Новый директор пришел с двумя сельсоветчиками — один из них был председатель. Закрыв дверь в комнату хозяев, они предупредили всех нас, что мебель в доме принадлежит МТС, и просили заявить в сельсовет, если семья прежнего директора соберется что-нибудь вывозить. Им известно от соседей, что старик перед отступлением гитлеровцев что-то закопал у себя во дворе.

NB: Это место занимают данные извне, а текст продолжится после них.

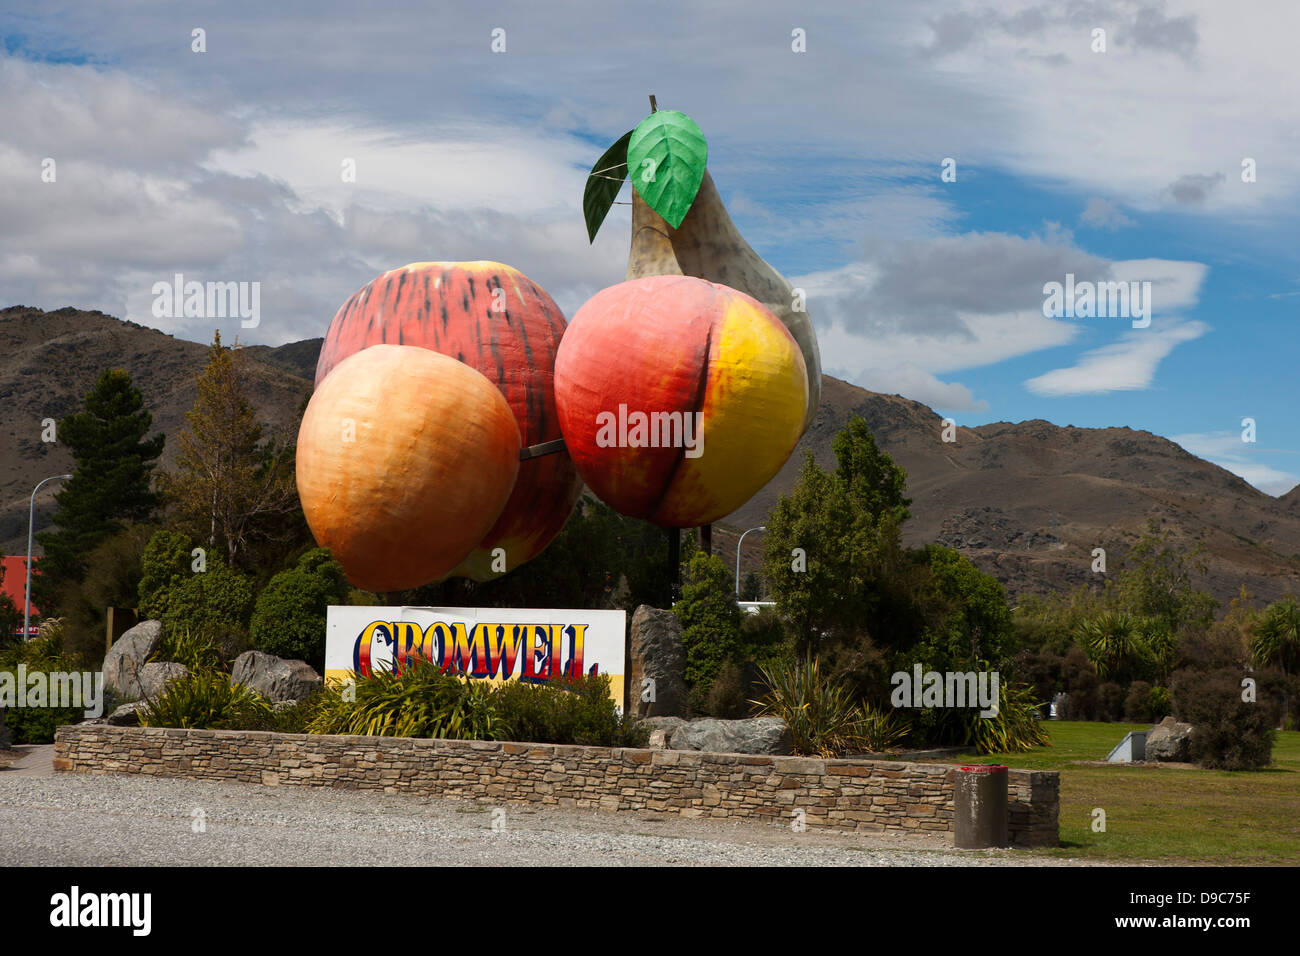 Sculpture of large pieces of fruit with a sign, Cromwell, South Island, New Zealand Stock Photo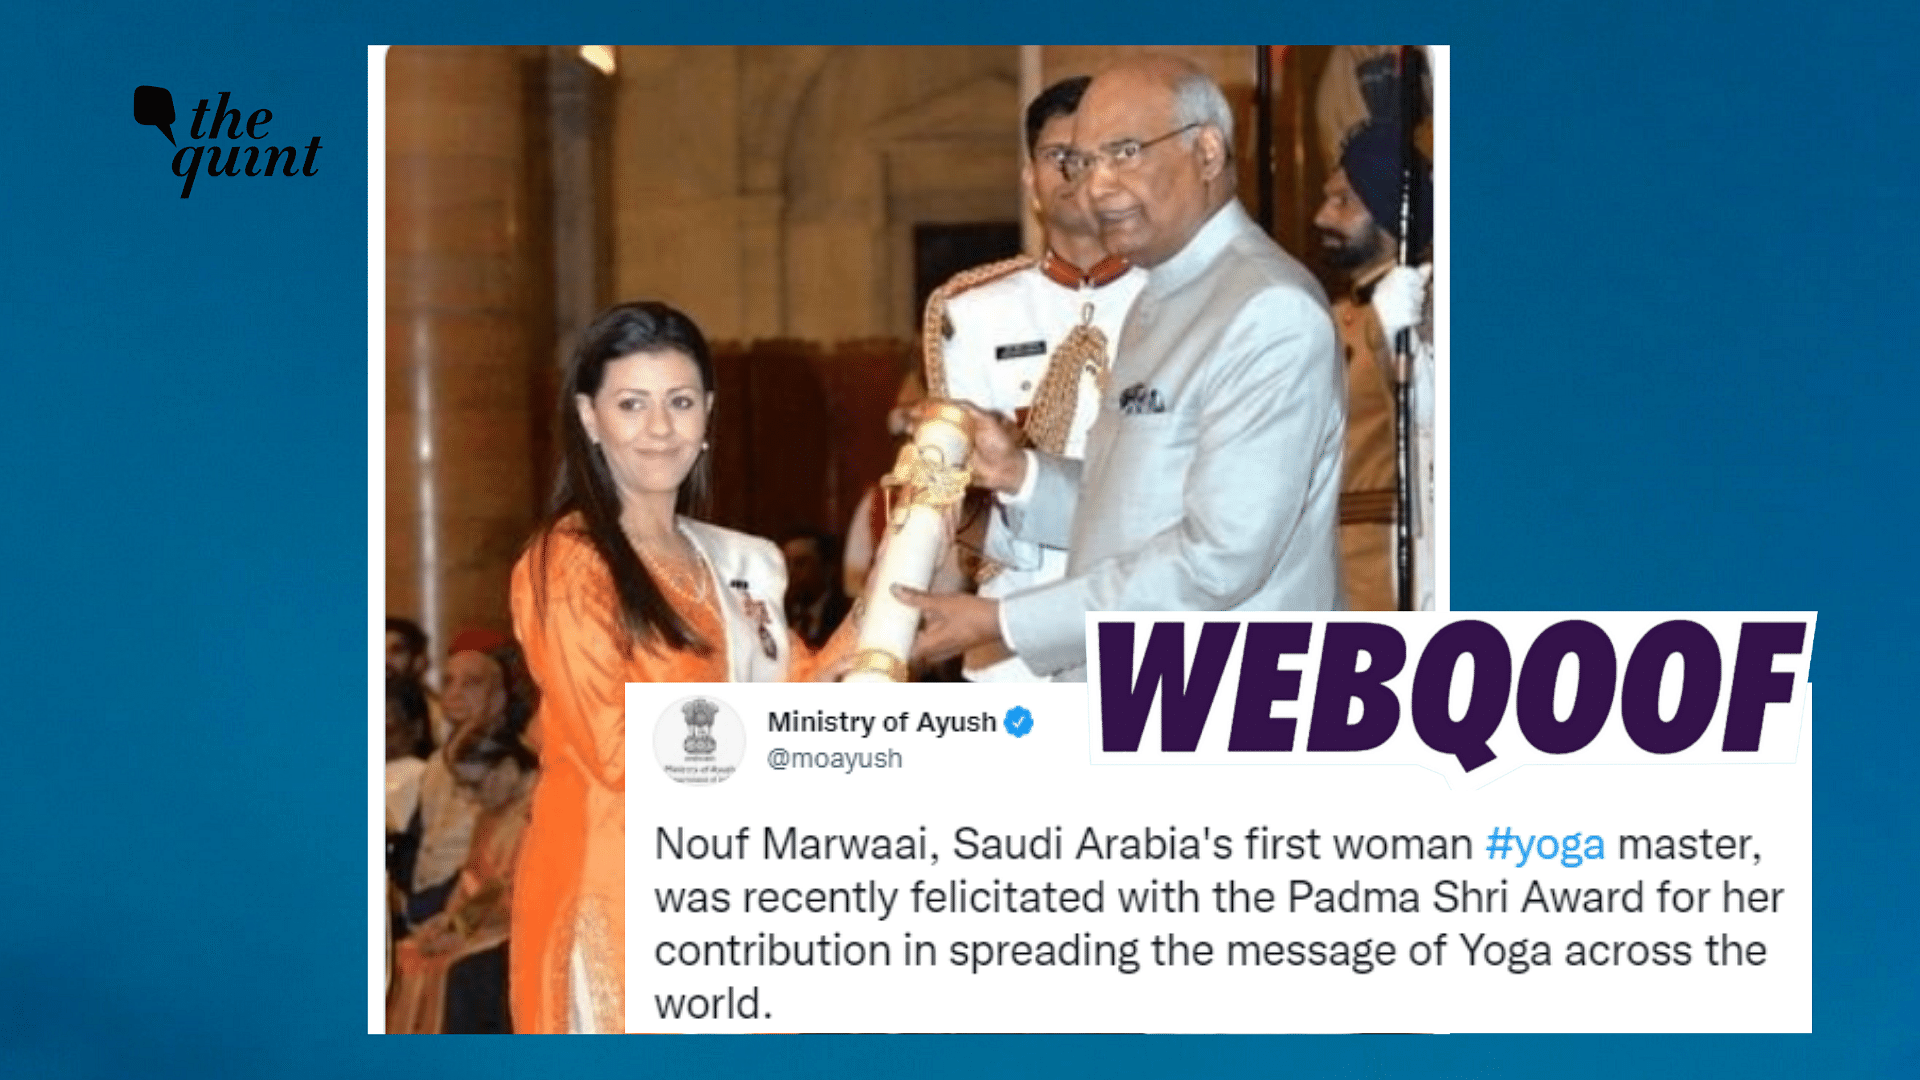 <div class="paragraphs"><p>The Ministry of Ayush's official Twitter handle posted an old photo and claimed that Nouf Marwaai recently received the Padma Shri Award.</p></div>

Вечером во дворе, когда исполнительный автоматчик Слезов заступал на дежурство, я увидела коменданта: он отдавал распоряжение часовым хорошенько смотреть за хозяевами, так как в селе большая теснота и переселить их некуда, а кто их знает, что это за люди!
Мы остались жить в этом доме, постепенно знакомясь с его хозяевами. Старик, Андрон Ефимыч, по словам Фатыха, был «старичок очень хитрый», а дочь его Марьяна — «хорошая женщина». Она приехала к брату из Днепропетровска, где жила у родителей мужа, и объясняла это тем, что у брата ей с ребенком было легче прожить.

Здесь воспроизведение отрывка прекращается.